§ **PROBLEM REQUIREMENTS**
Below is a listing. Write out exactly its lines between the one holding "Free Download Black" and the one holding "سایت فروشگاهی آنتیک در حالت دسکتاپ", inclusive.

[Opening DATA SUPPLIED section]

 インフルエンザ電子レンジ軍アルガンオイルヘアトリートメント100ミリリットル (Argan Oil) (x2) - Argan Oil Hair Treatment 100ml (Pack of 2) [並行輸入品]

[Closing DATA SUPPLIED section]
[Opening DATA SUPPLIED section]

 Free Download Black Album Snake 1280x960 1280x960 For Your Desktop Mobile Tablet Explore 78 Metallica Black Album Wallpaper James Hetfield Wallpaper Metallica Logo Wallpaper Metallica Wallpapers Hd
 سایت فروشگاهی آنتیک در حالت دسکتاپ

[Closing DATA SUPPLIED section]
[Opening DATA SUPPLIED section]

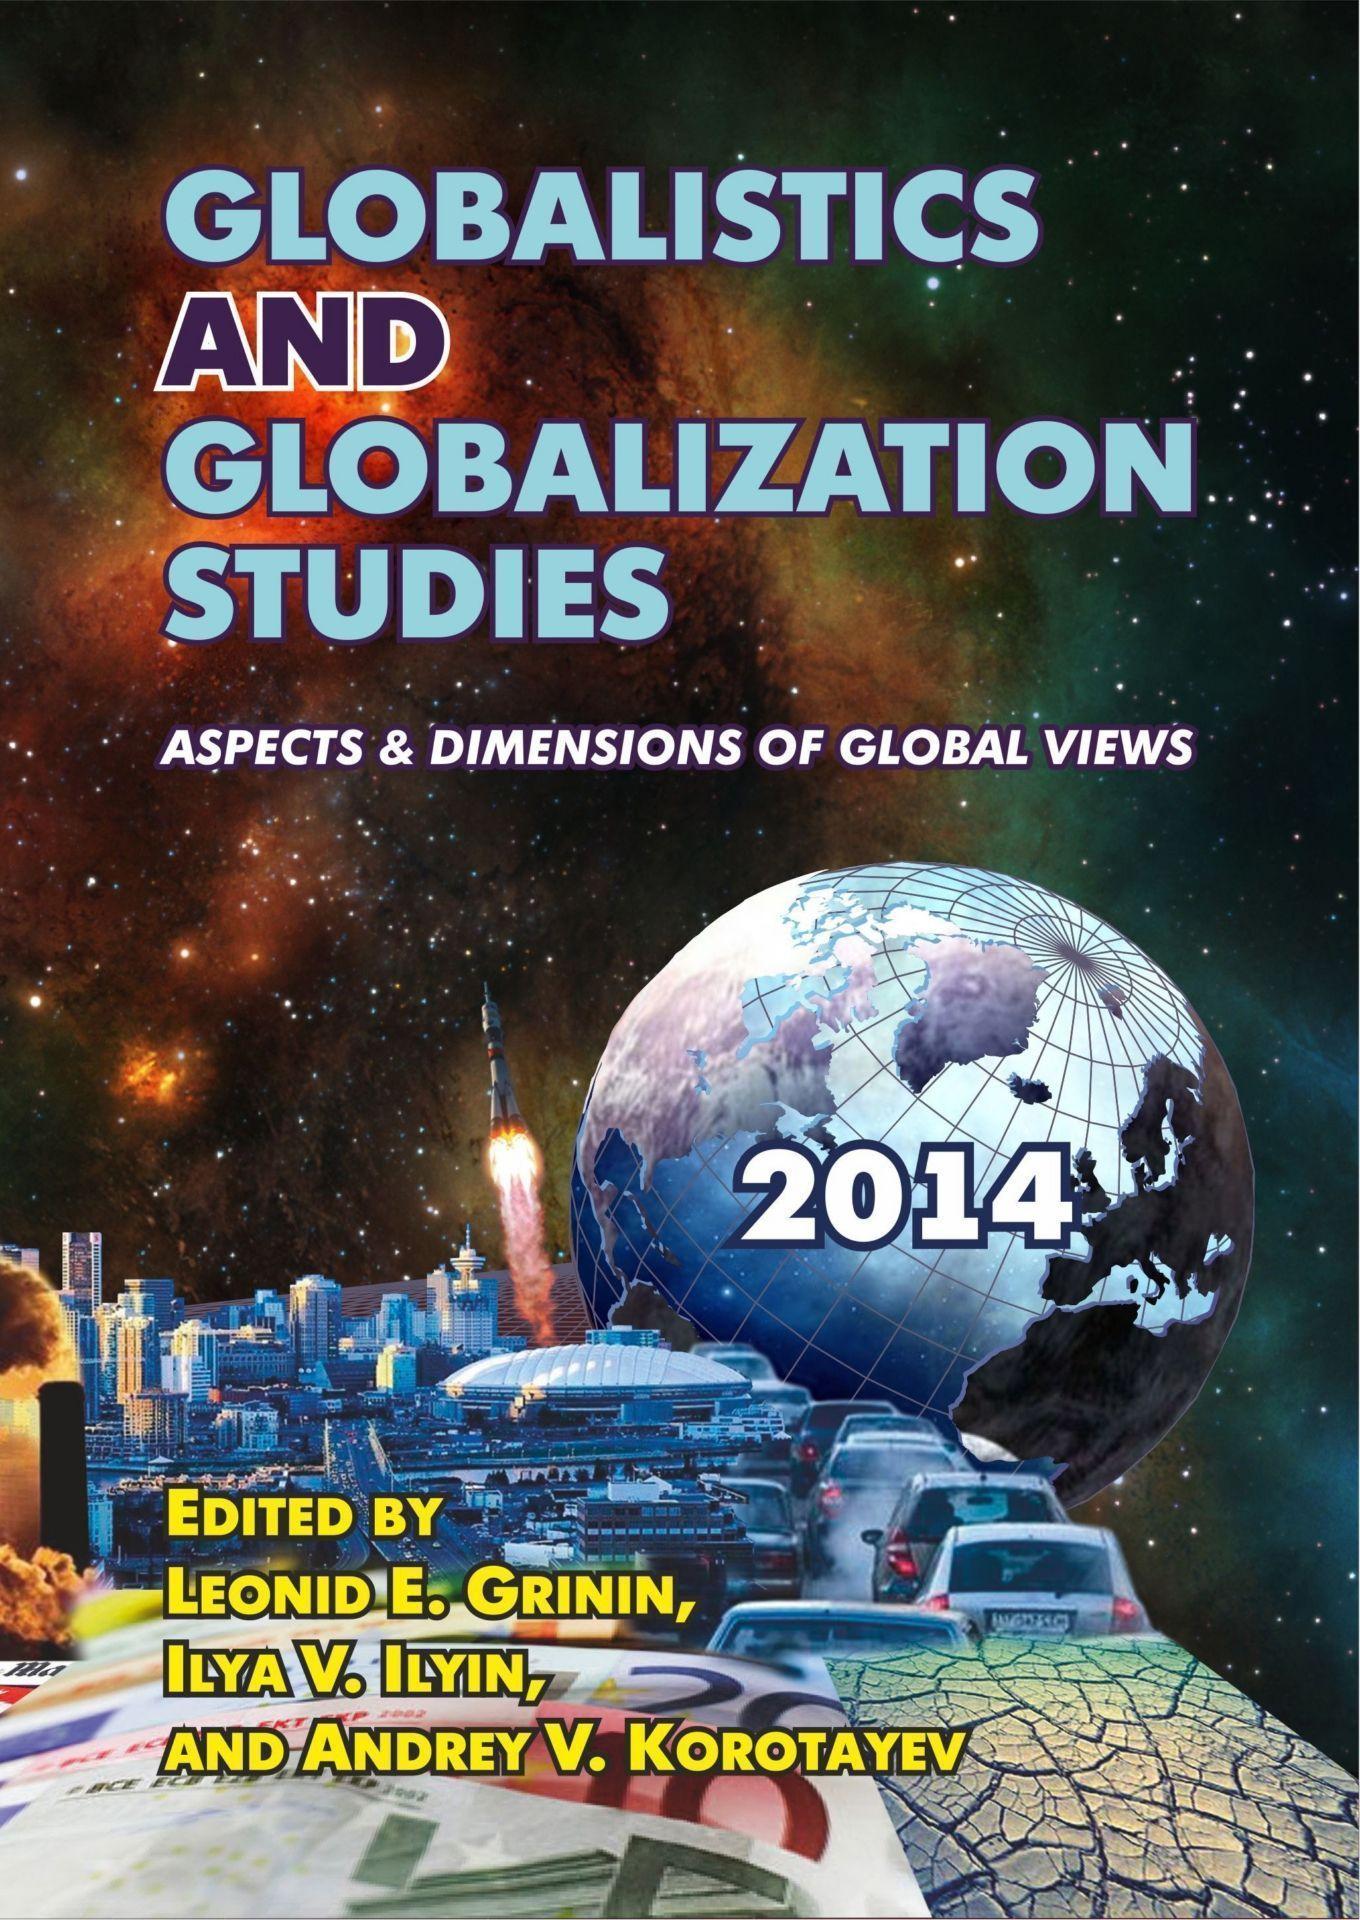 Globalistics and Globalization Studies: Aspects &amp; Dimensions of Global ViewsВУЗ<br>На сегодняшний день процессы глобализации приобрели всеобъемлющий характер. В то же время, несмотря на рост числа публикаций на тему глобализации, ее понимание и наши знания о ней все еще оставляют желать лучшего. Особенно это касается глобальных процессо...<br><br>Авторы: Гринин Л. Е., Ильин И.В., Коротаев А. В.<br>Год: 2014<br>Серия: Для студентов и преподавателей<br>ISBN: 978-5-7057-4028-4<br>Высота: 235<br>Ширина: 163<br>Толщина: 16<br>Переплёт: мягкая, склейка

[Closing DATA SUPPLIED section]

§ **COMPLETED TASK**
 Free Download Black Album Snake 1280x960 1280x960 For Your Desktop Mobile Tablet Explore 78 Metallica Black Album Wallpaper James Hetfield Wallpaper Metallica Logo Wallpaper Metallica Wallpapers Hd
 سایت فروشگاهی آنتیک در حالت دسکتاپ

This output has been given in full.